Elsewhere, Vedanta Biosciences aims to bring its oral CDI treatment VE303 into a Phase III trial this year. Vedanta is a subsidiary of Puretech Health. Destiny Pharma’s CDI treatment NTCD-M3 is expected to enter a Phase III next year. Unlike Rebyota and SER-109, Vedanta’s treatment is based on clonal bacteria strains and does not use donated stool samples.

CDI should be seen as only the beginning, says Nandi, adding that inflammatory bowel disease (IBD) is also an interesting avenue.

However, the results here are quite mixed, say Hota and McGill. For instance, Seres’s Phase IIb study of SER-287 to treat ulcerative colitis did not meet its primary endpoint of clinical remission compared to placebo. Both SER-109 and SER-287 are made from a purified consortium of Firmicutes spores derived from stool samples. According to the company’s website, the biotech is undertaking research to decide on the future of the ulcerative colitis program, which also includes another candidate called SER-301.

Last year, Takeda Pharmaceutical ended its deal with Finch in August after a review of its pipeline. Previously, Takeda had licensed the two Finch treatments FIN-524 and FIN-525 for their development in IBD. Still, other companies are keen on exploring IBD further, such as the UK-based company Microbiotica. The start-up expects to start its Phase Ib in ulcerative colitis this year, and focuses on the development of orally administered live therapeutics that are derived from bacterial consortia.  

The potential use of microbiome therapeutics in cancer comes with its own set of questions. While humans normally encounter microorganisms in their day-to-day activities, their functioning immune systems can handle those, says Hota. But since the immunity of cancer patients is suppressed by treatments like chemotherapy, the risks here are much greater, she explains.

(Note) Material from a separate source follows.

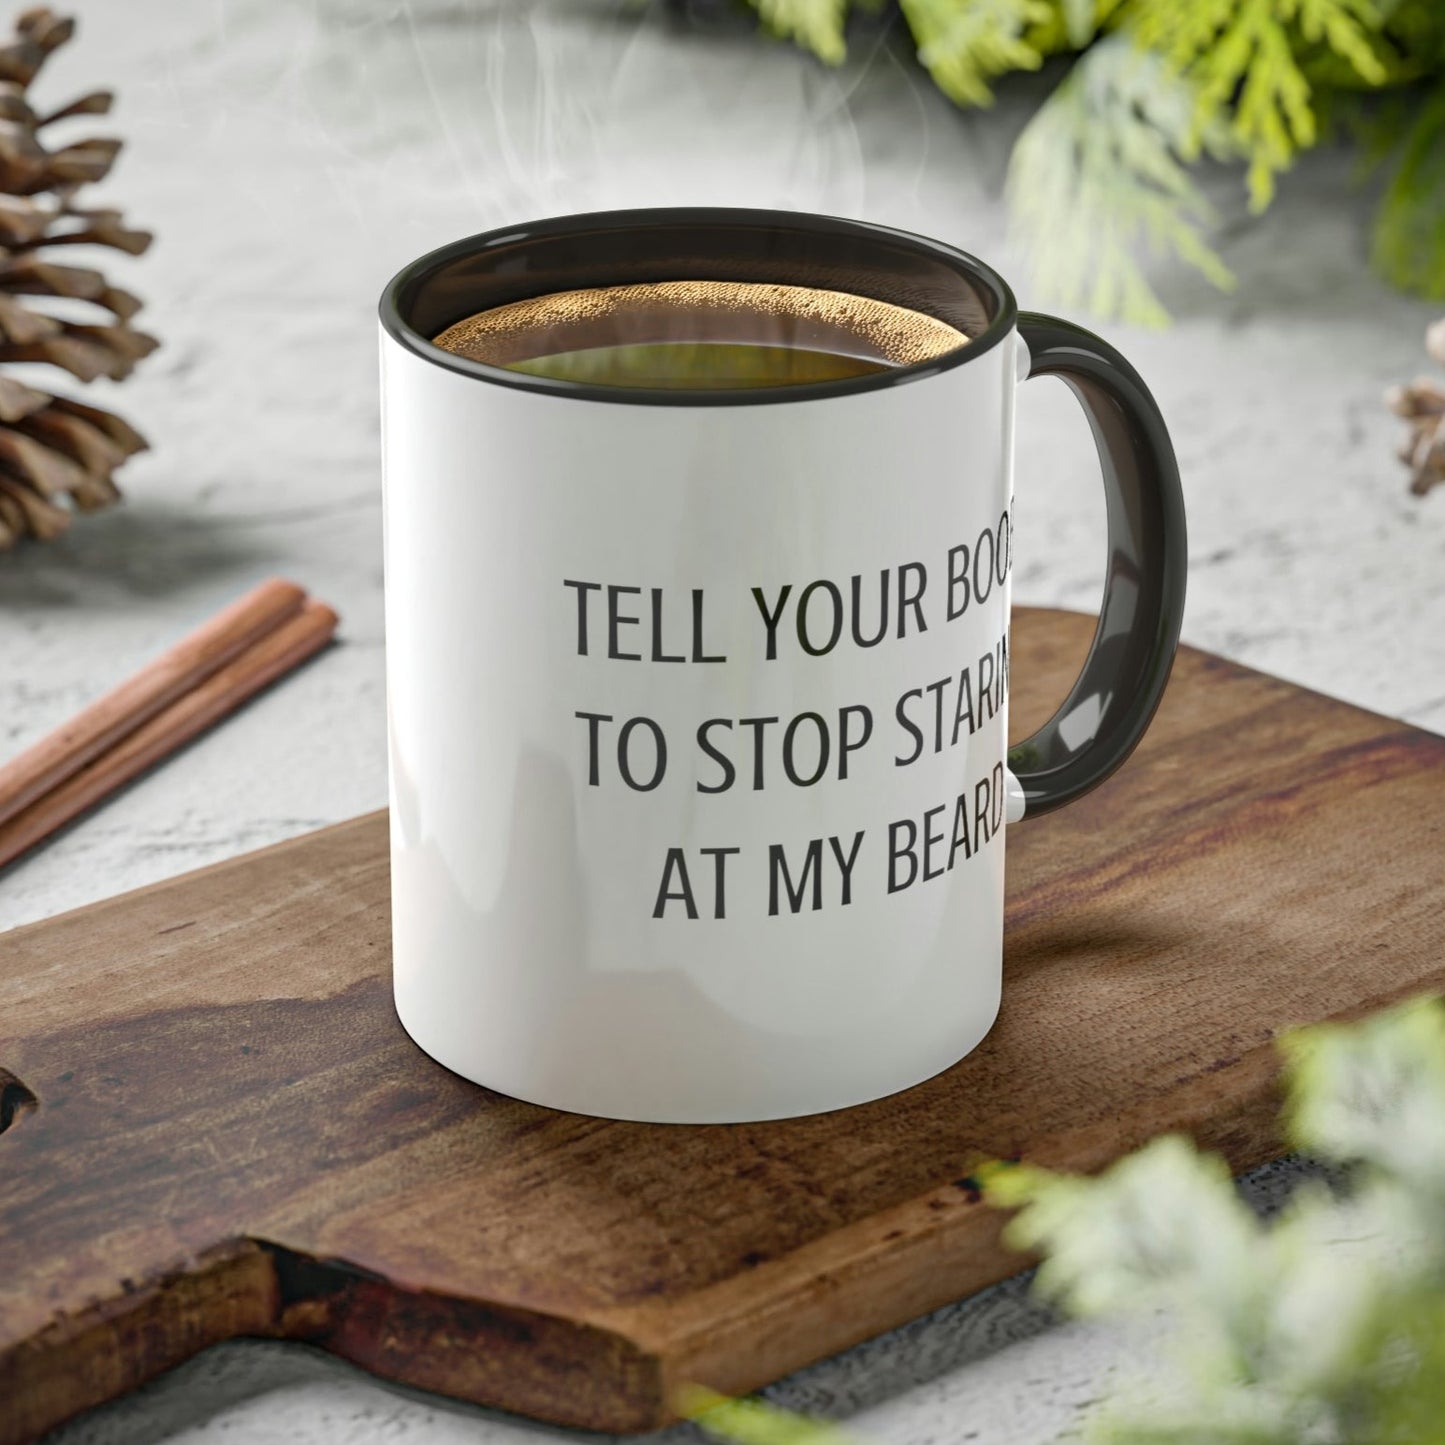 tell-your-boobs-to-stop-staring-at-my-beard-glossy-mug-11-oz-coffee-funny-mockup-on-a-cutting-board

Microbiome therapeutics here could be used as adjunct treatments, rather than primary therapies, says Dr. Louis Korman, co-director of Chevy Chase Clinical Research, Chevy Chase, Maryland. A lot of immunotherapies cause side effects in the gastrointestinal tract, says Korman. With that in mind, therapeutics could be used to reduce toxicity, he explains.

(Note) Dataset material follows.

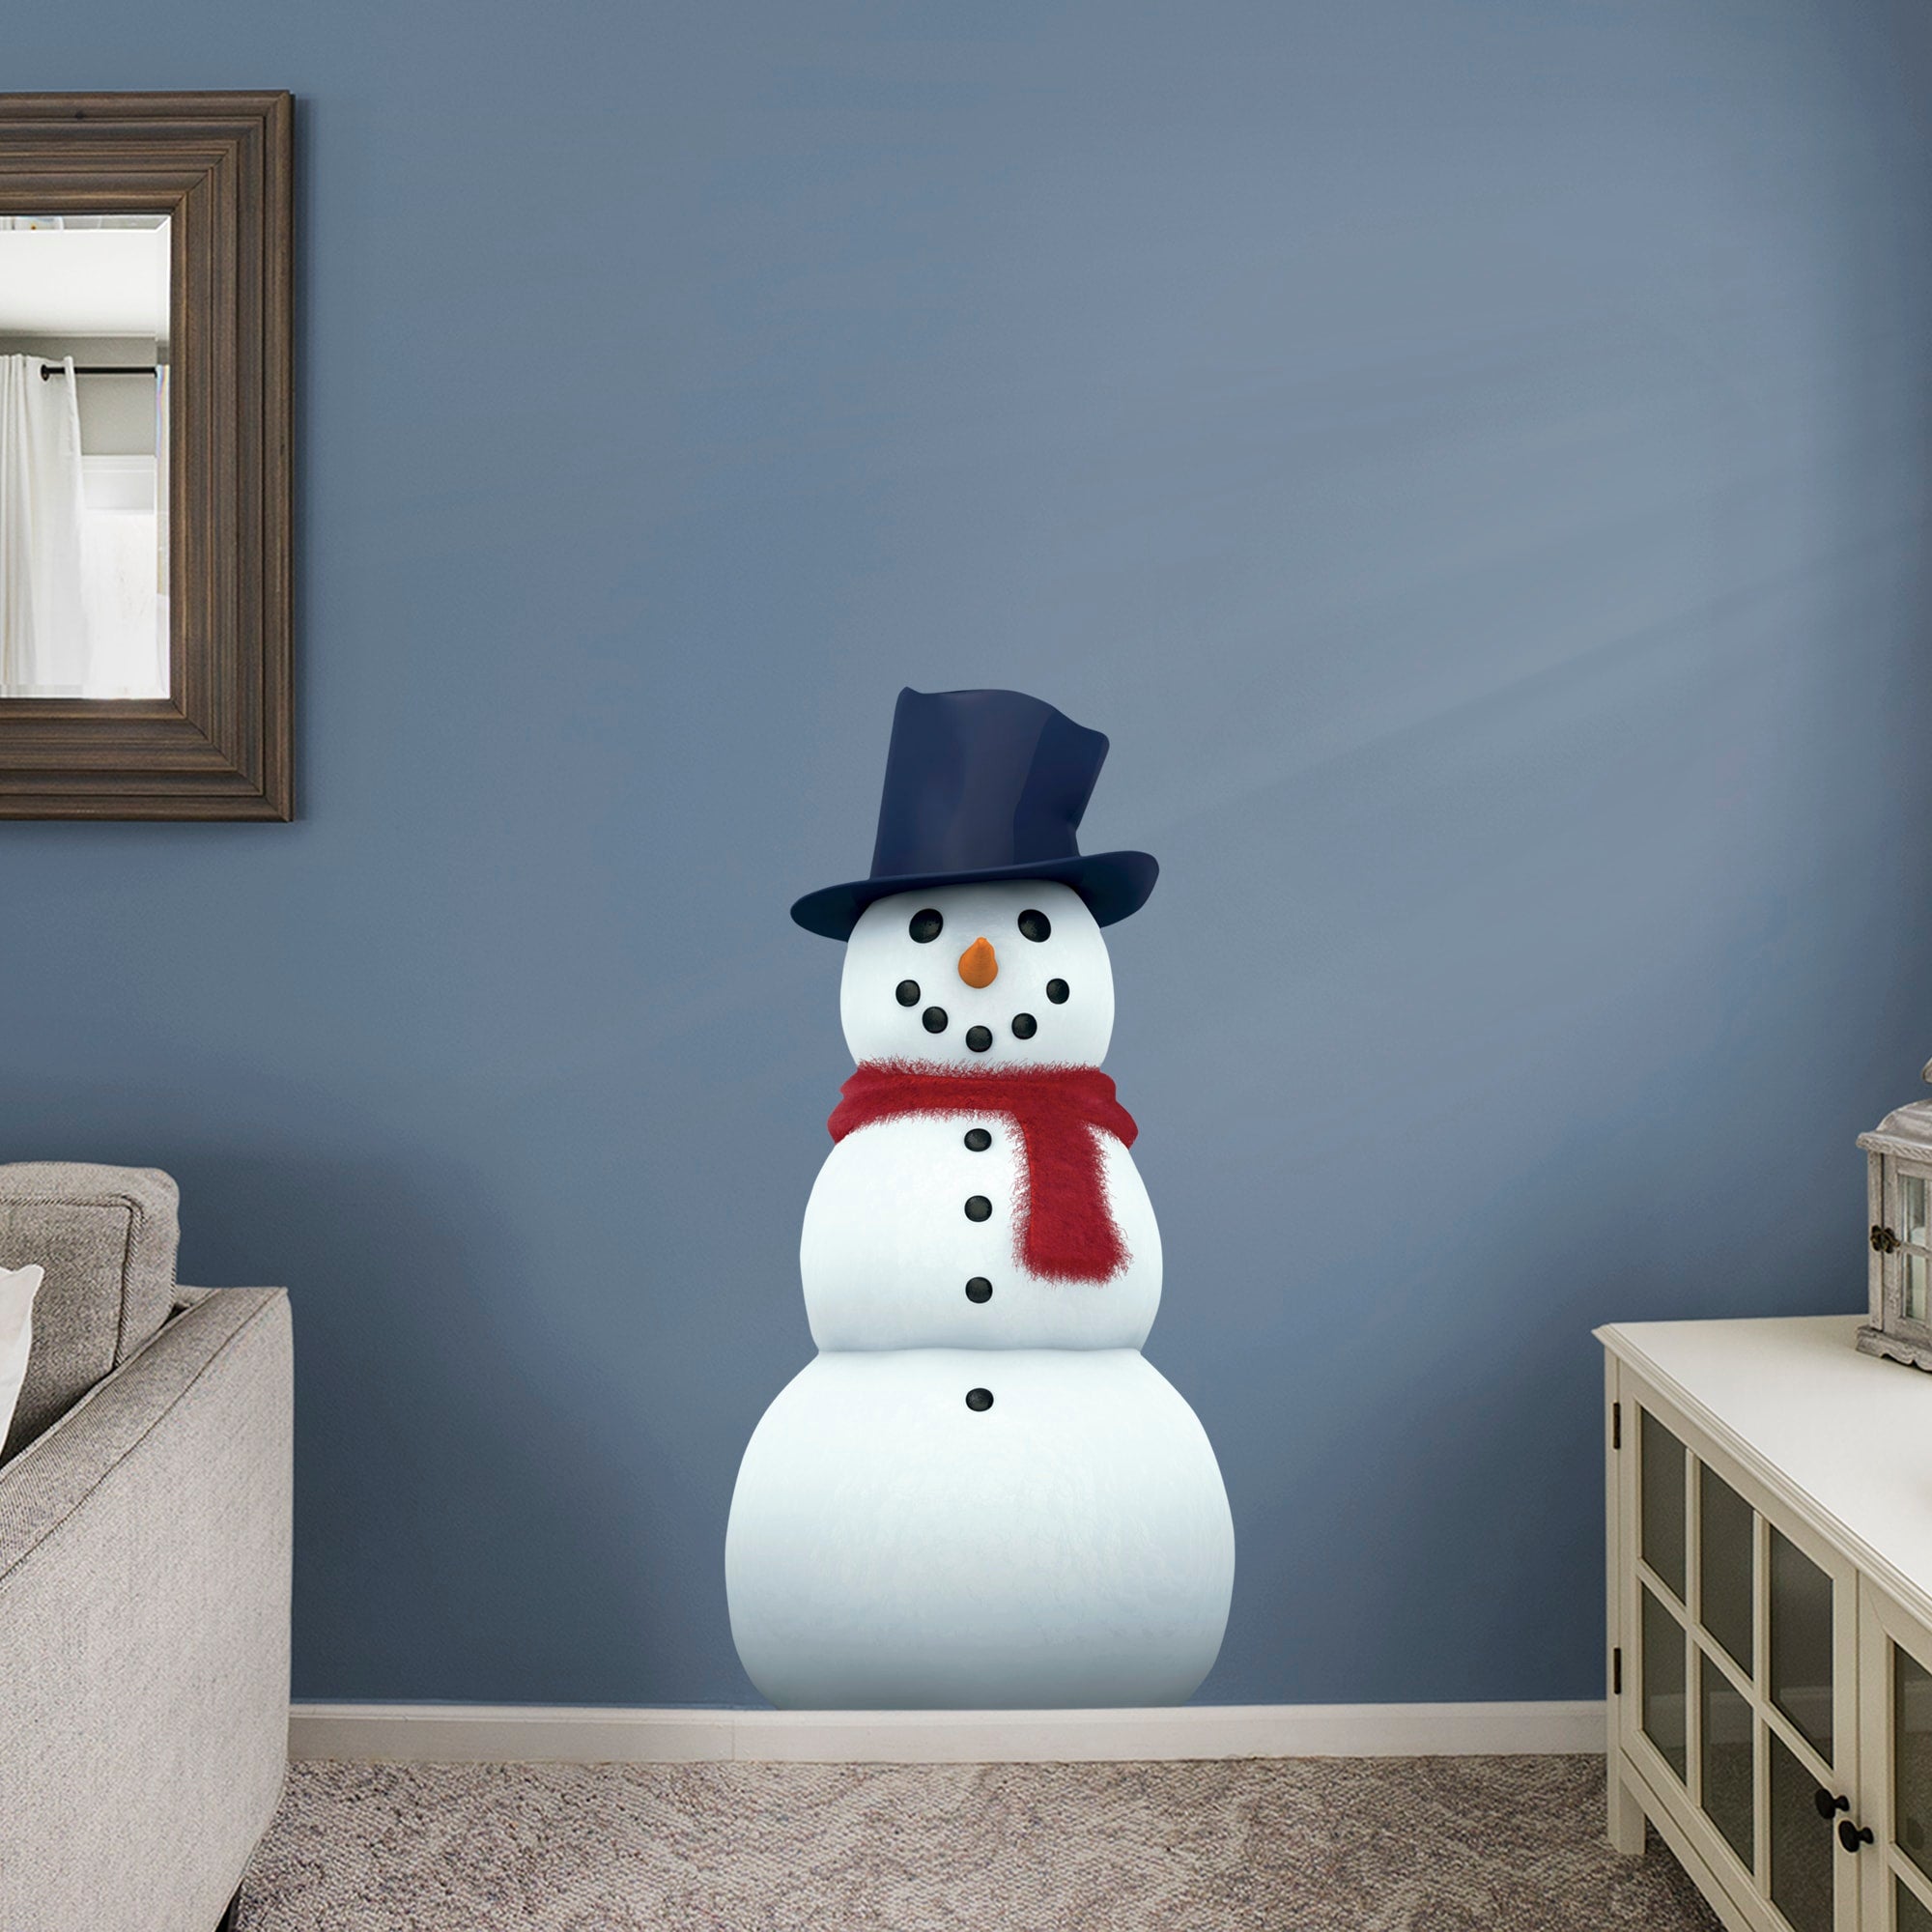 Snowman - Removable Vinyl Decal Giant Character (25"W x 50"H) by Fathead

Although enthusiasm for microbiome therapeutics is broadly quite high, it is slightly waning at expert meetings, says McGill. There is some confusion from the side of the investors due to the field’s broad nature, says Gilbert. This is further emphasised by the current state of the biotech market , he adds.

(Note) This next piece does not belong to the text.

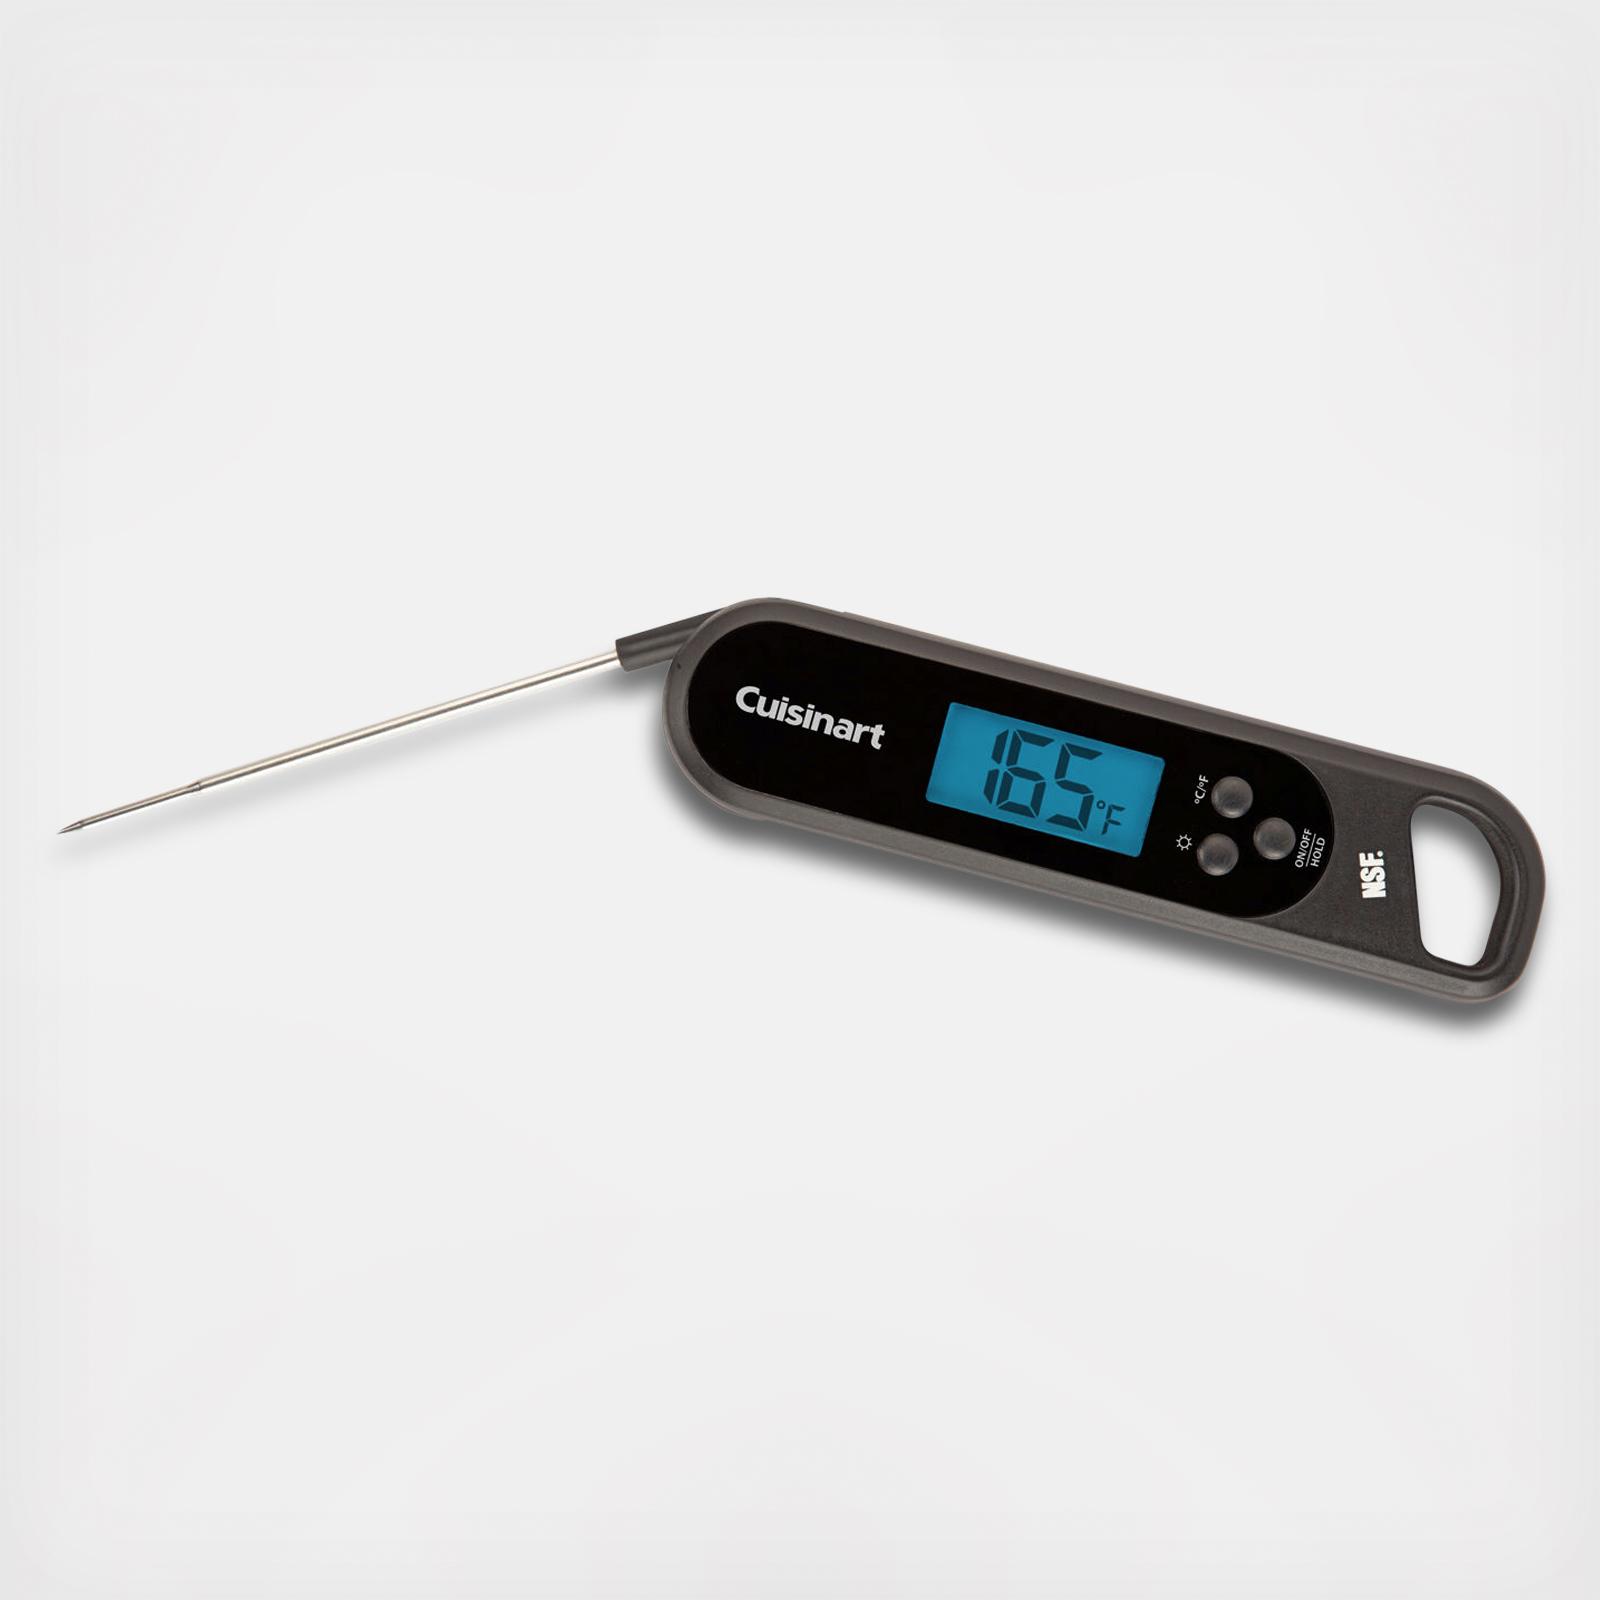 Polder Grill Surface Thermometer

But this could change with the first approvals, notes McGill. In a way, the accessibility could increase enthusiasm and interest, she adds.

Update: This article has been updated with additional context on Maat Pharma's MaaT013 clinical program, which includes Phase III trials in US and Europe. Paragraph 3 and the table titled "Investigational microbiome therapies lag in other indications behind CDI" have been updated accordingly.